Sensory play where children use toys that are specifically designed to engage as many of their senses as possible is becoming more popular. Sensory play allows a child to explore the world deeply and become engaged with it more strongly than during so-called ordinary play. They’ll discover new things on their own and make connections that others can’t see but they can.
It’s an unstructured, messy process but why is it so important?
Engaging in sensory play can improve dexterity and understanding of the world. Some say it can even help a child develop better communication and problem solving skills. It also seems to play a part in cognitive growth and the development of social interaction. It enables children to fine tune their senses and see how they interact with each other but also to learn. According to some parents, by the way, it’s the perfect way to calm down a fractious child.

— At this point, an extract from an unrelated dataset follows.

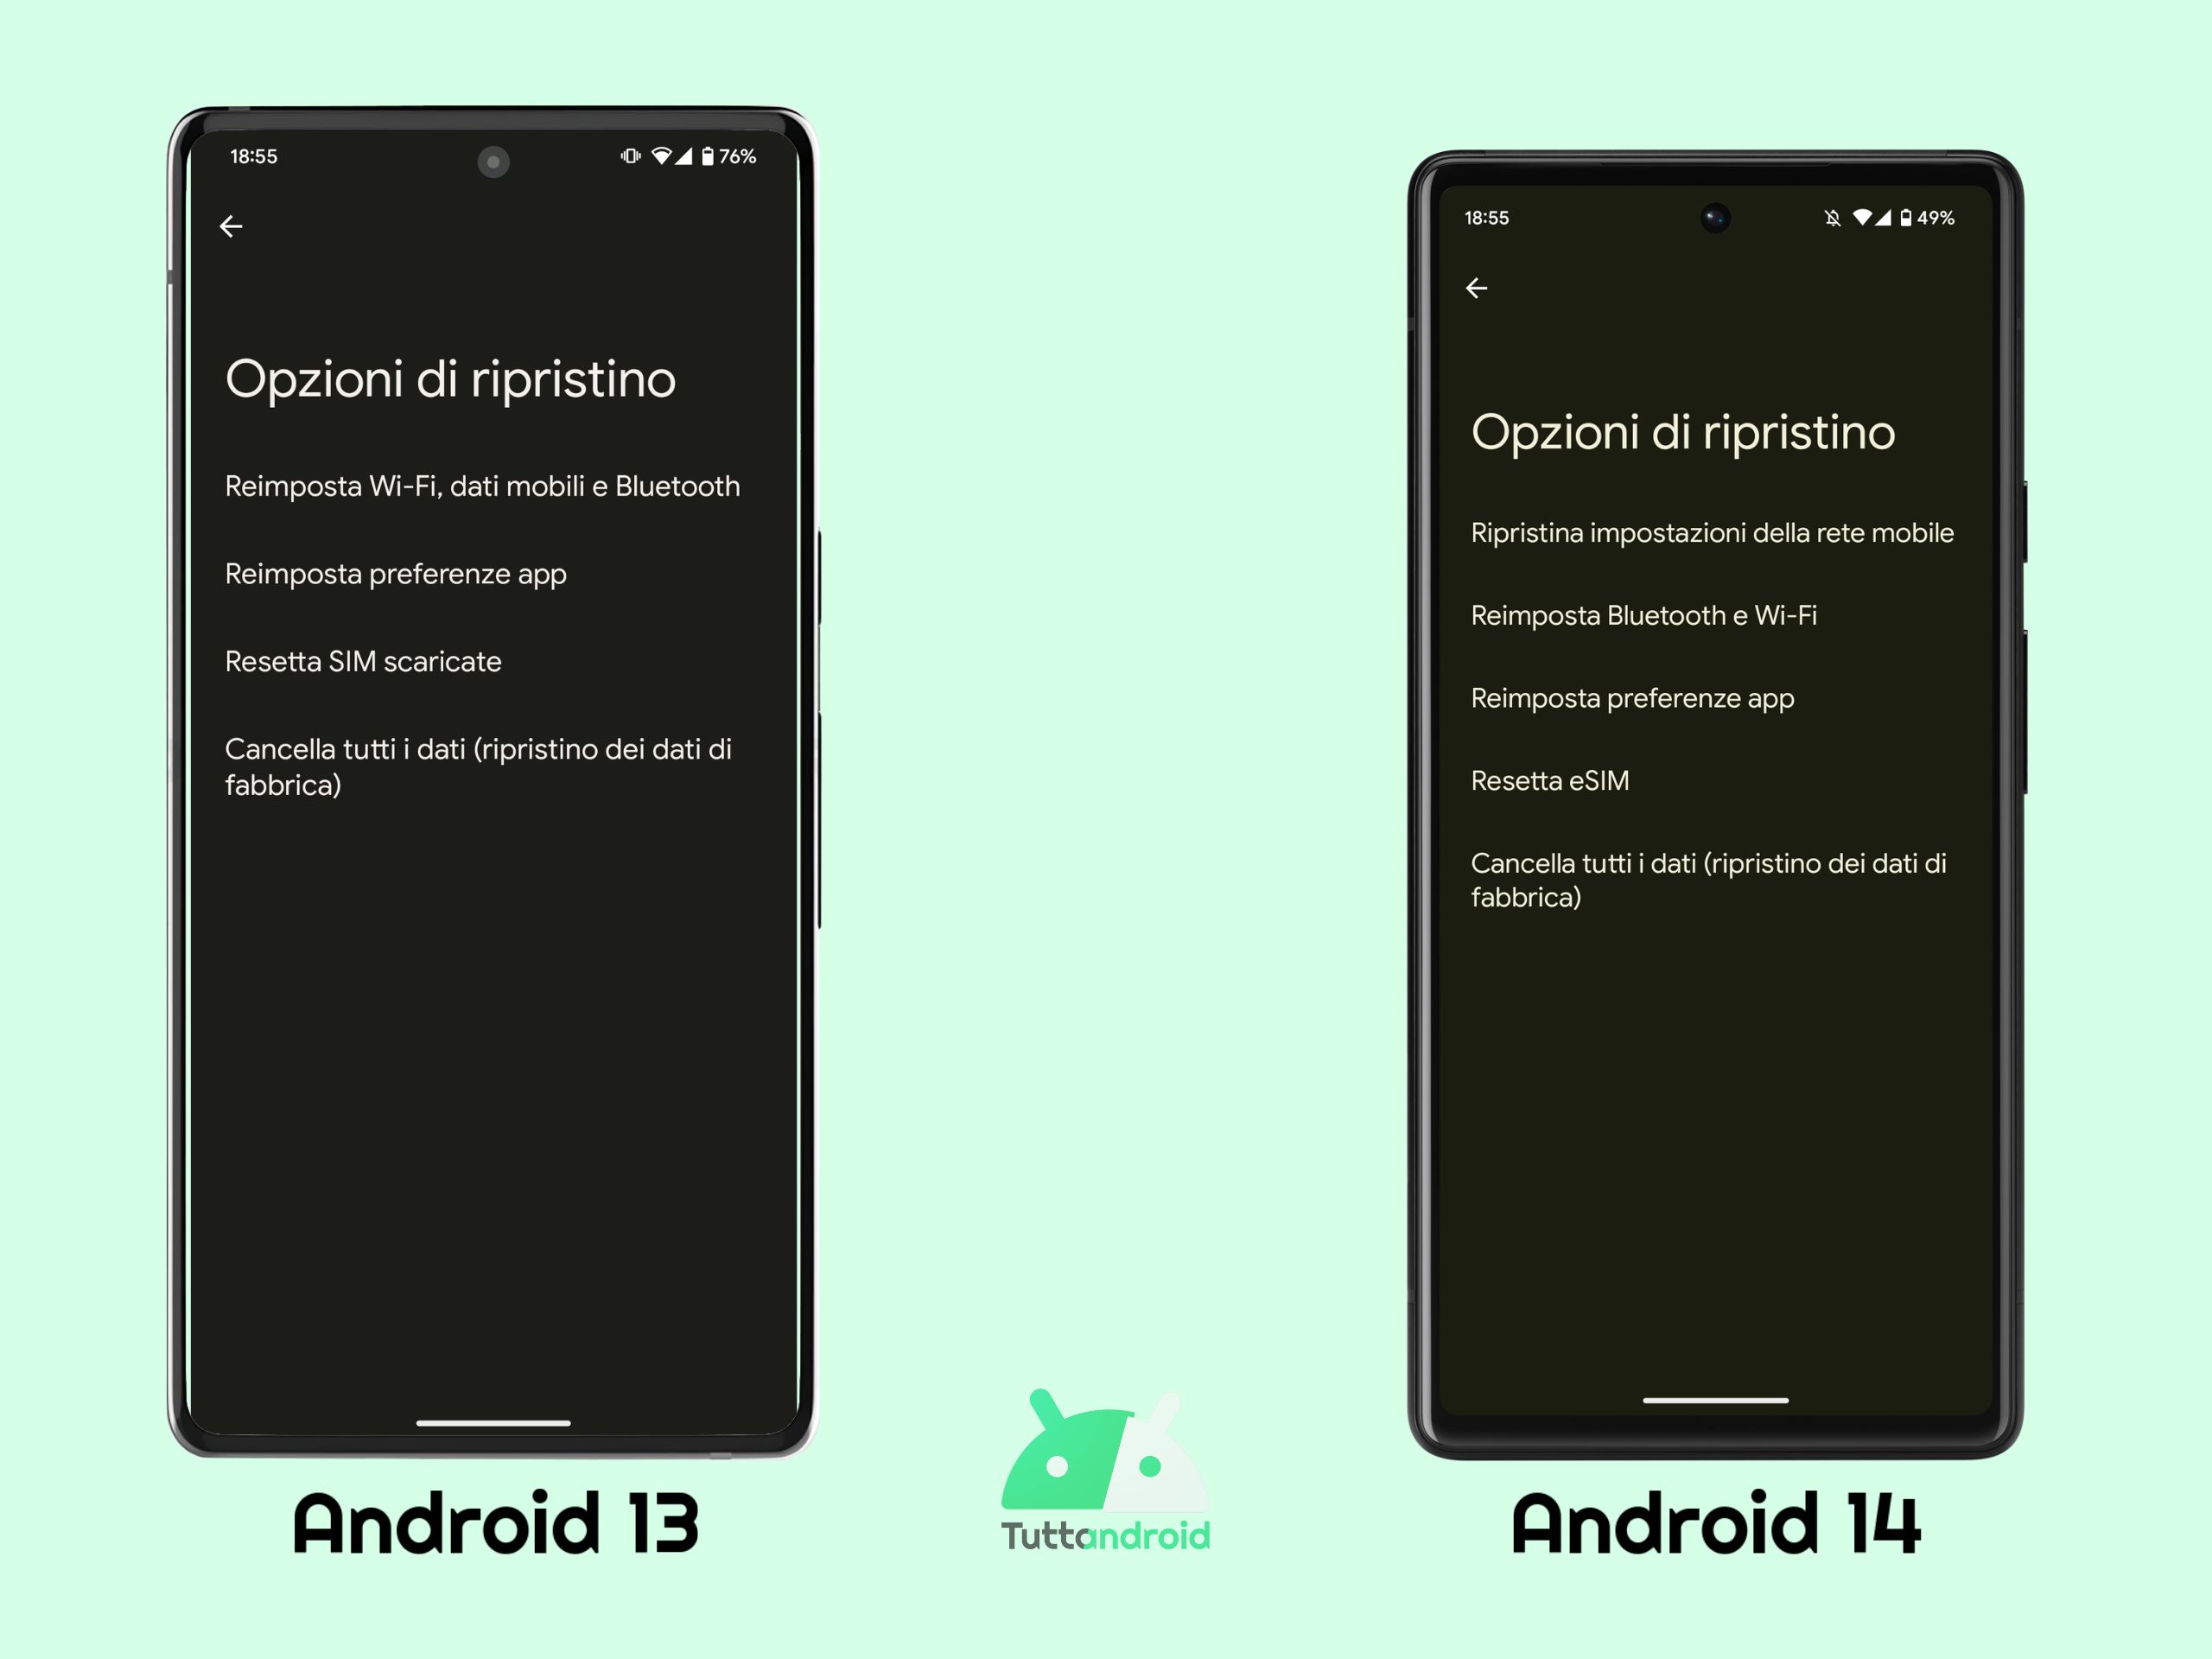 Menu "Opzioni di ripristino" - Android 13 vs Android 14 DP1

While you might not think that squeezing play dough or running your fingers through the bubbles in a bath are having an effect, most research now thinks that it is an important part of healthy development. Stronger cognitive growth and the formation of effective social skills can mean that a child grows up to learn better and interact better. Many mothers are now advocating sensory play and you can find plenty of sources online that show you how to do it.
They believe it helps:
- Develop better learning and cognitive skills.
- Develop the fine movements that older children begin to use for tasks such as writing or building objects.
- Boost confidence and awareness of the world.
- Give children the opportunity to be creative.
We all learn a whole lot more when we engage as many of our senses as possible. It’s something that goes with us throughout life and it’s not just something for toddlers. Yes, we become more sophisticated creatures as we grow older but much of that brain power starts with the building blocks that comes from engaging our senses.